Top of Given data
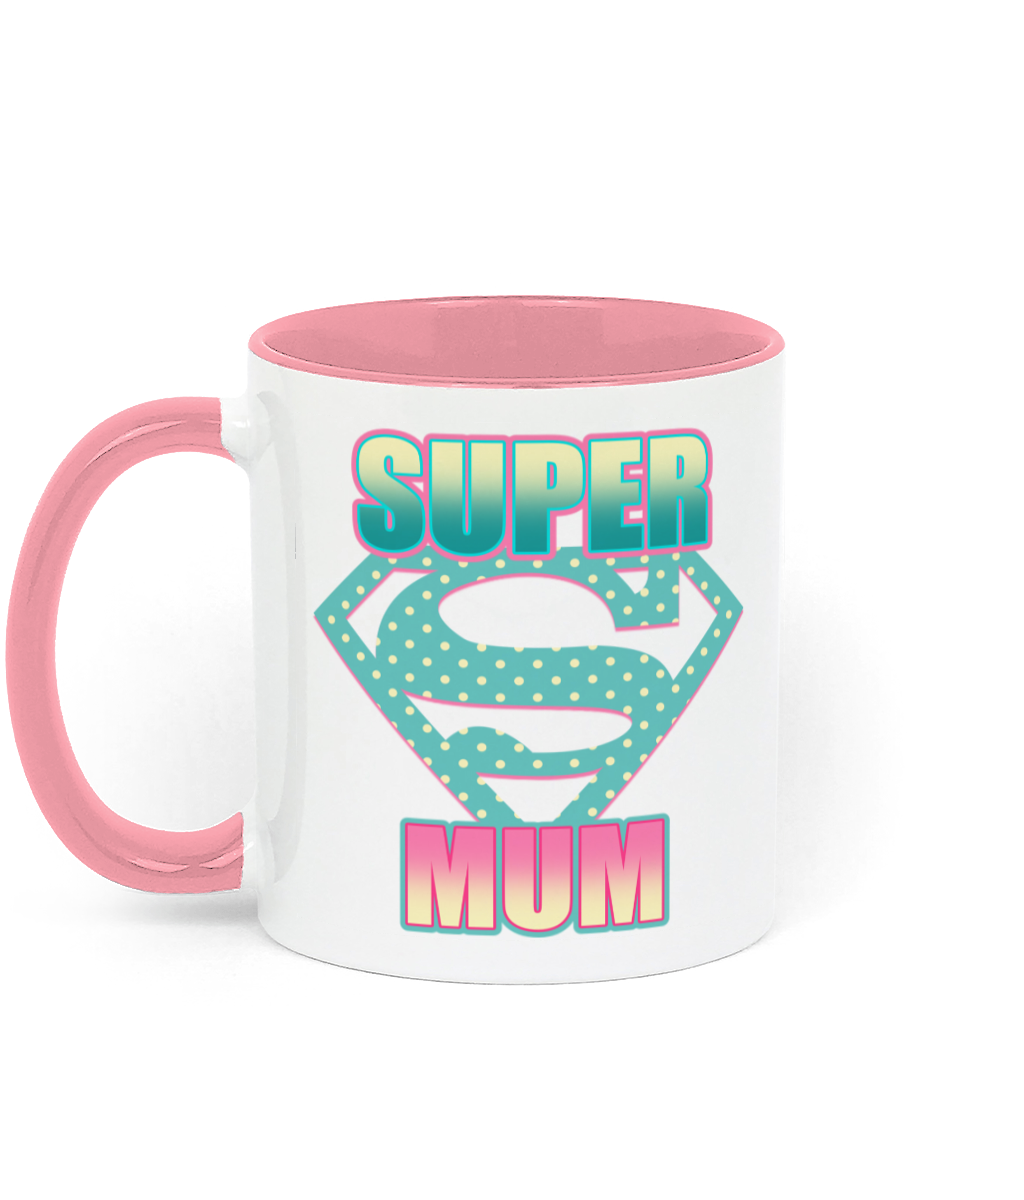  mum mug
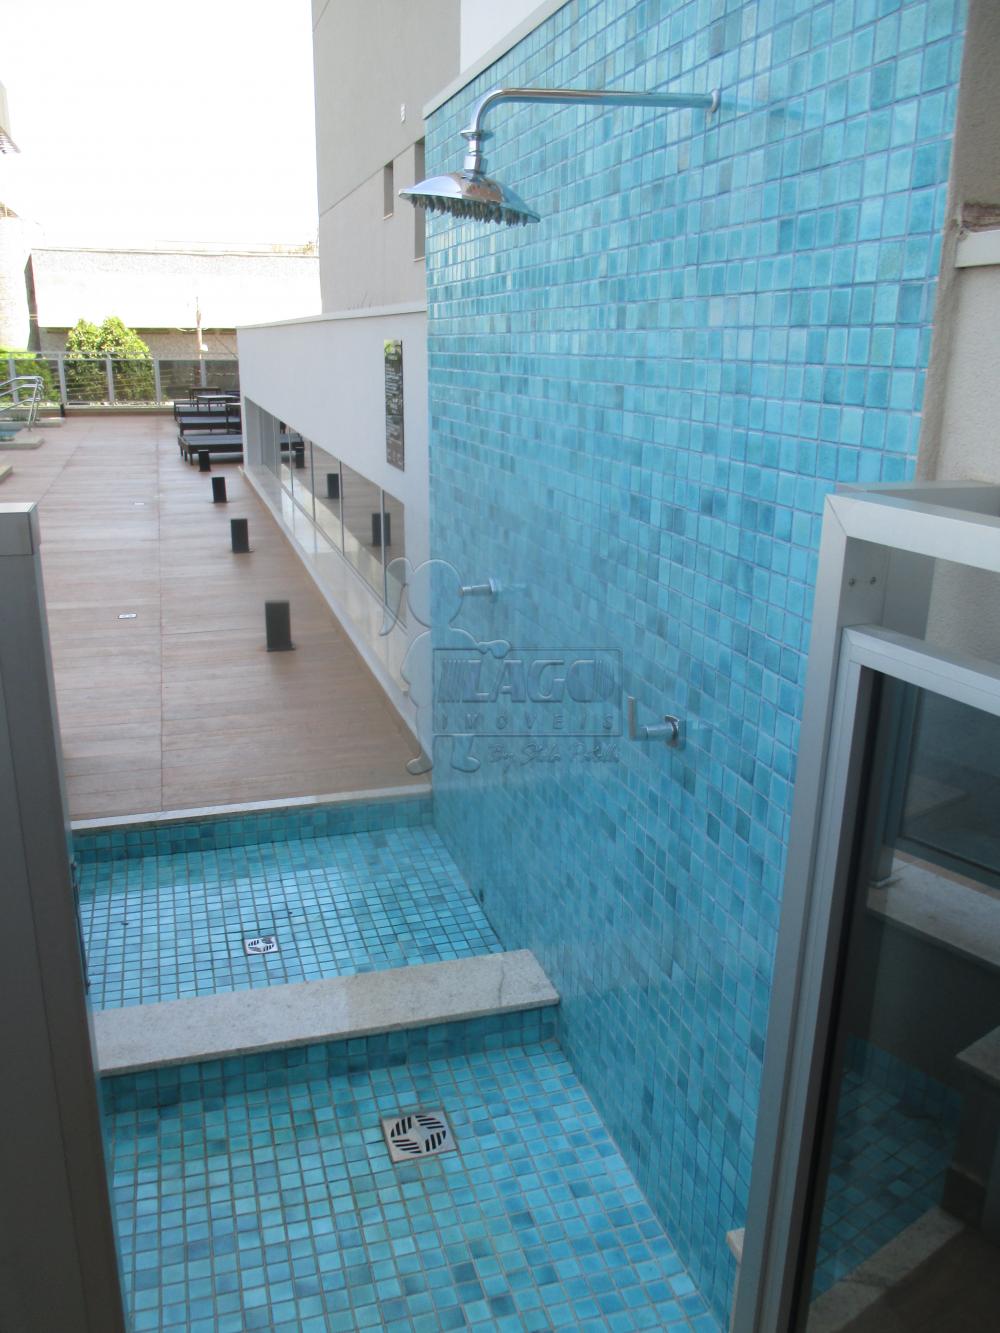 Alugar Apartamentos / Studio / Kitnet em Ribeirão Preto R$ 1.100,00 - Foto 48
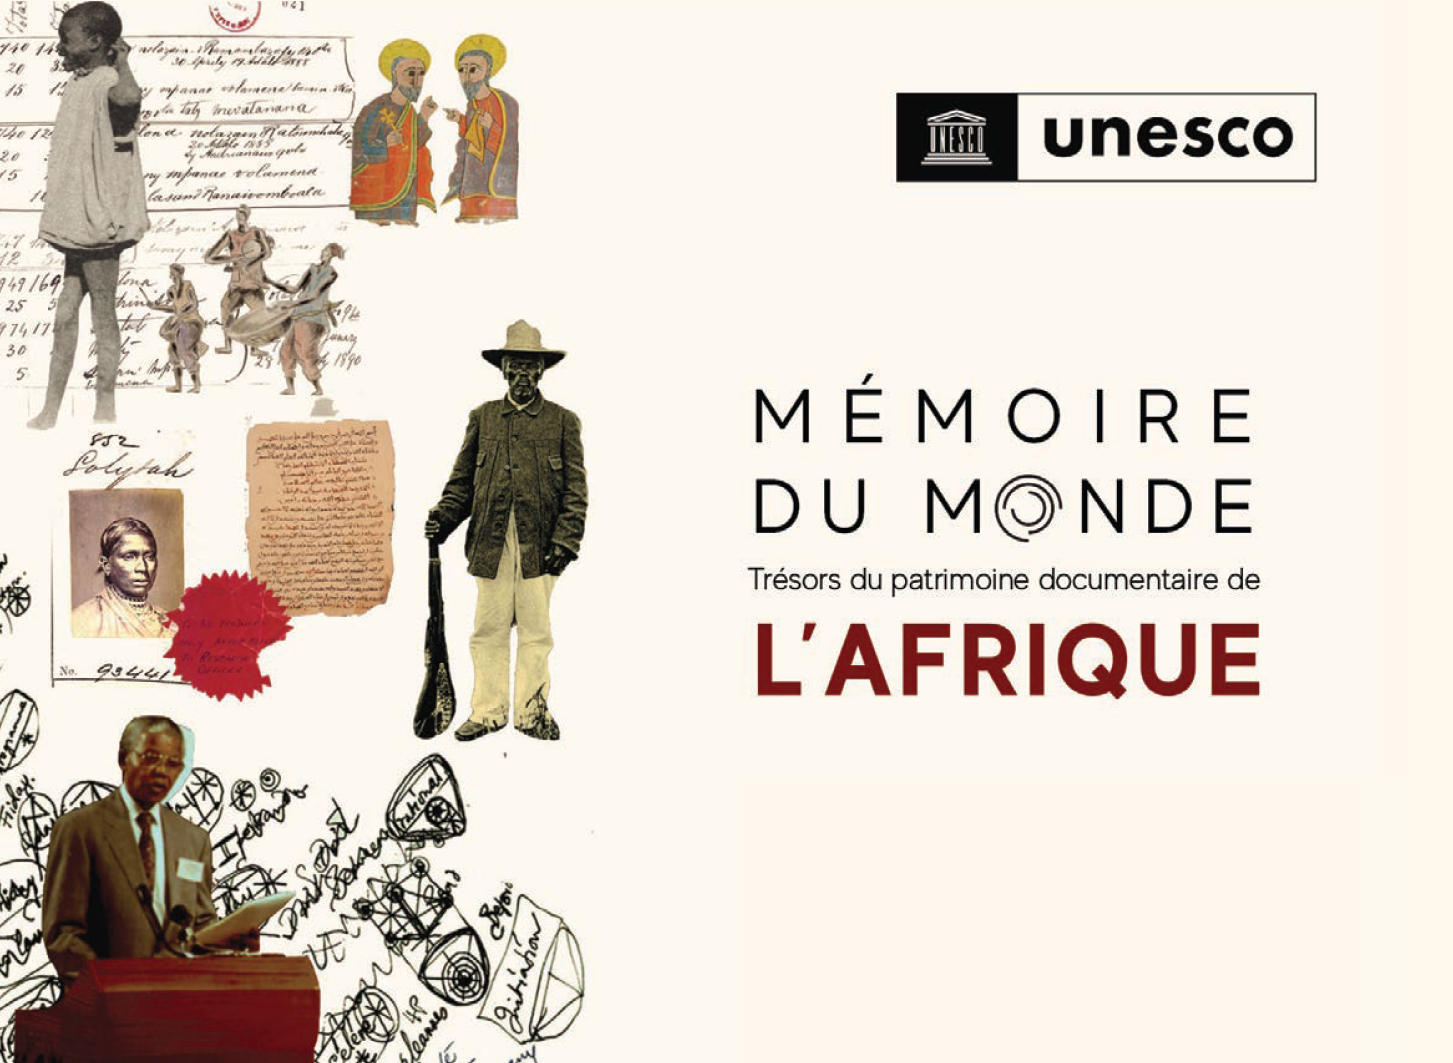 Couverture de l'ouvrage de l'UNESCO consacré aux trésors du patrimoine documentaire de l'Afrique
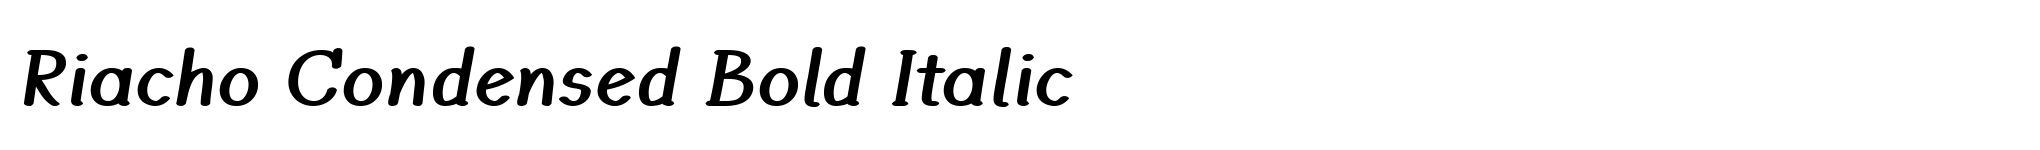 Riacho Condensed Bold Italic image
Bottom of Given data
What to do
Every line of the data should be transcribed exactly. Omit the images.

Answer area
  mum mug
 Alugar Apartamentos / Studio / Kitnet em Ribeirão Preto R$ 1.100,00 - Foto 48
 Couverture de l'ouvrage de l'UNESCO consacré aux trésors du patrimoine documentaire de l'Afrique
 Riacho Condensed Bold Italic image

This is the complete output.